Charlie’s problem is one many of us share because we also are too “bundled up in too many of life’s good things."  And so, like dopie Charlie, we stand in front of the door that leads to pleasure, joy, and love and shout in desperation, “How am I supposed to get through the door?!!”

One other thing all of us other Charlies sometimes forget is that doors go both ways – in and out.  Some of us also periodically lose the key that opens and locks the door.  For them the aching question is “how do I get in?”

Like Charlie, Frank Lloyd Wright was also fascinated with doors.  While he understood what Charlie ignored, he believed that the door of the house should not be visible from the sidewalk.  For Wright, the door had to be discovered.  That concept added to one’s memory of the door.  Once accomplished it also gifted the visitor with the intimacy and seclusion of the space it opened to him.

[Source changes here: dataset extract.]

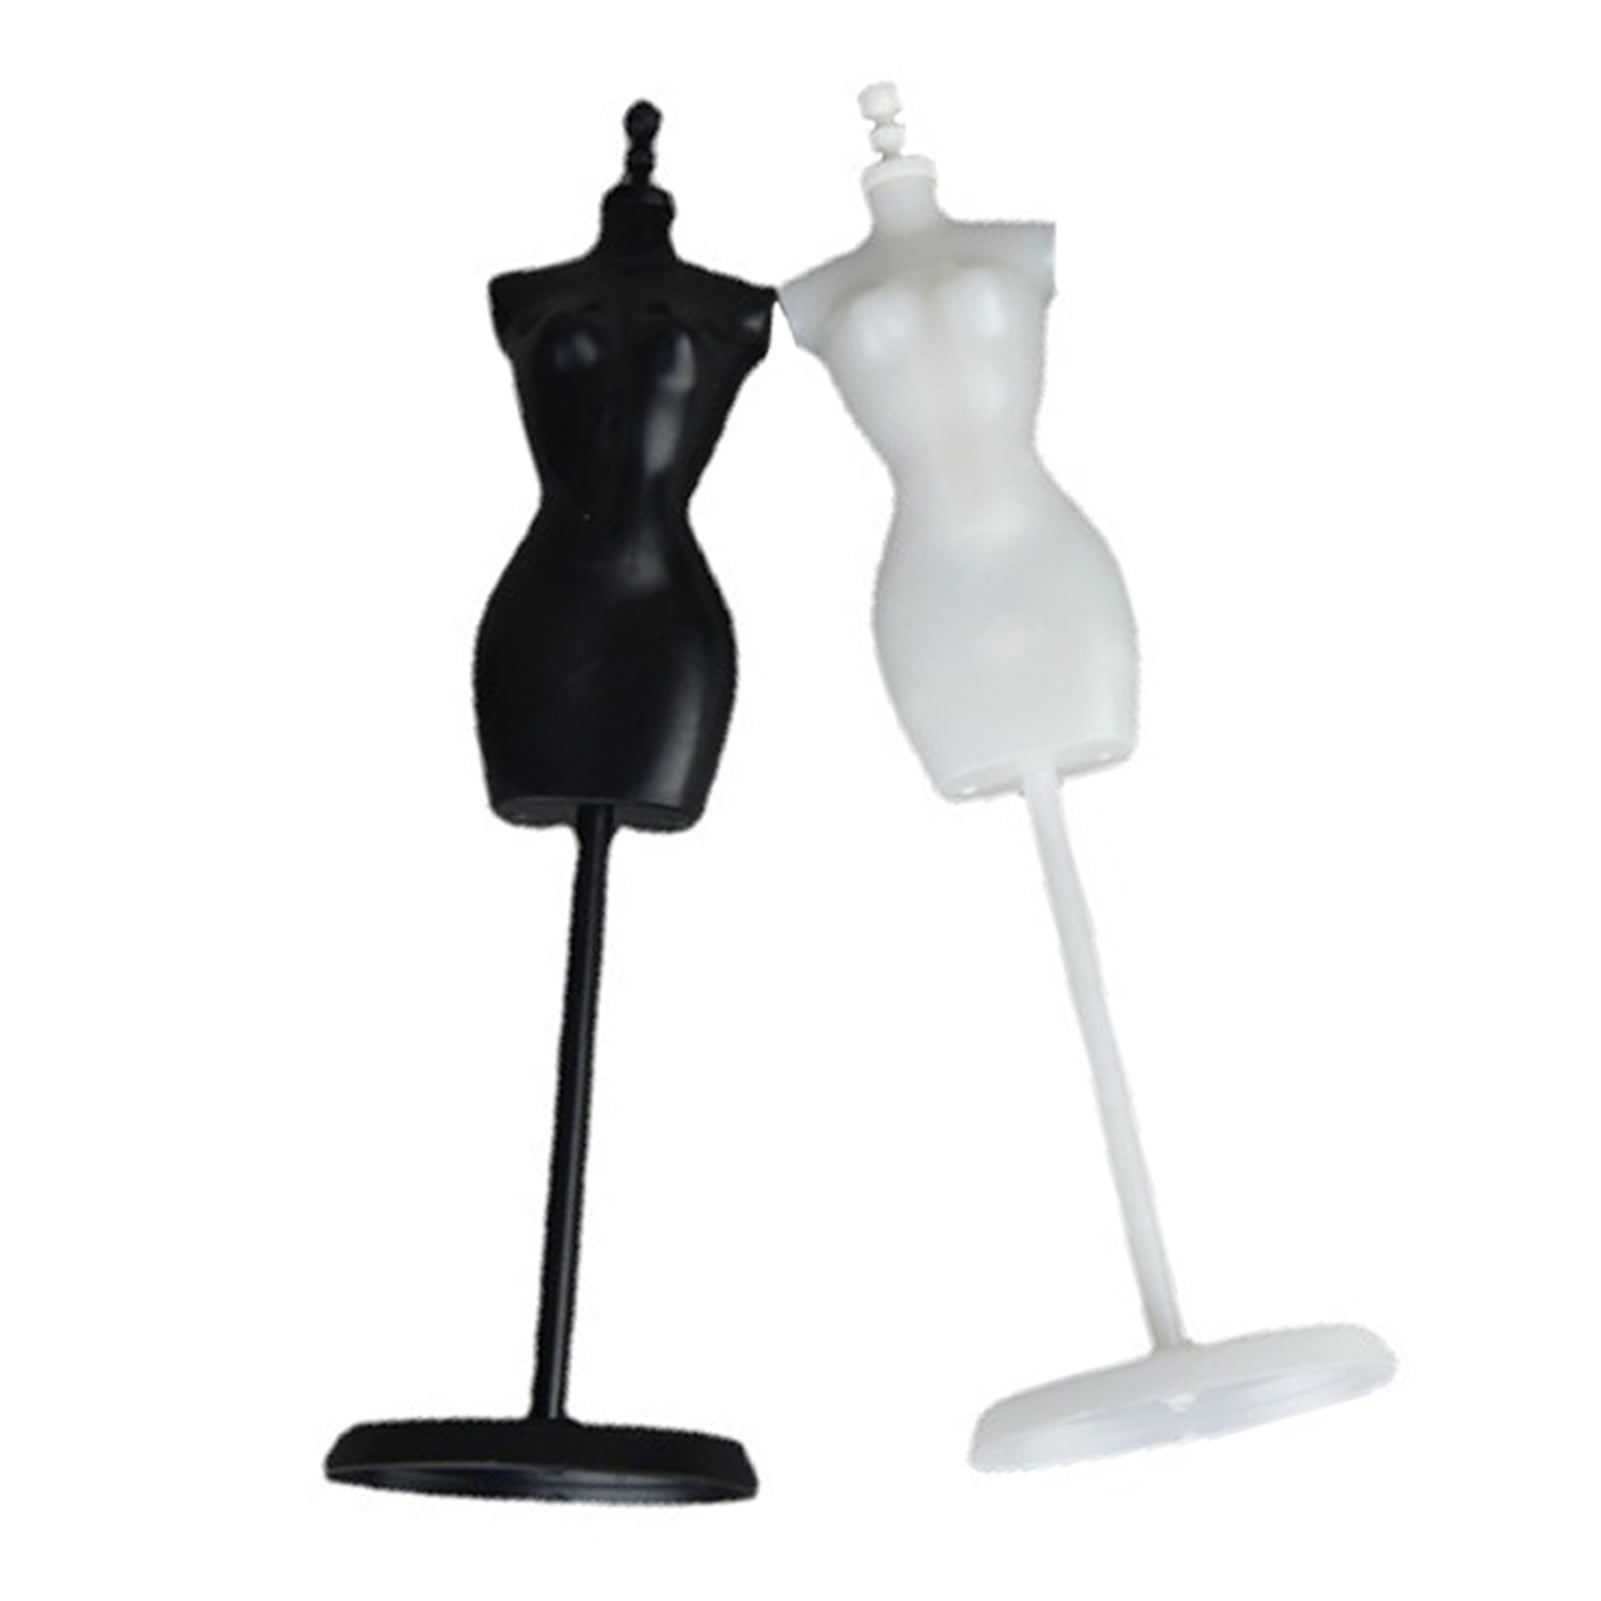 Clothes Dress Gown Outfit Mannequin Model Stand Holder Display for  DollES

Yes, I suppose there will always be Charlies huffing and puffing to open the door.  By contrast, Wright made opening the door a challenge but with the rich reward of a lasting memory from what he found inside.

But if all else fails we can go to Shakespeare for help.  It’s in Richard II, Act 5 where he says “Speak with me, pity me, open the door, a beggar begs that never begged before.”

Essayist George Berdes divides his time between Milwaukee and the north woods.  Many of his essays were recorded as part of the series,East of Eagle River and first aired on public radio station WXPR in Rhinelander.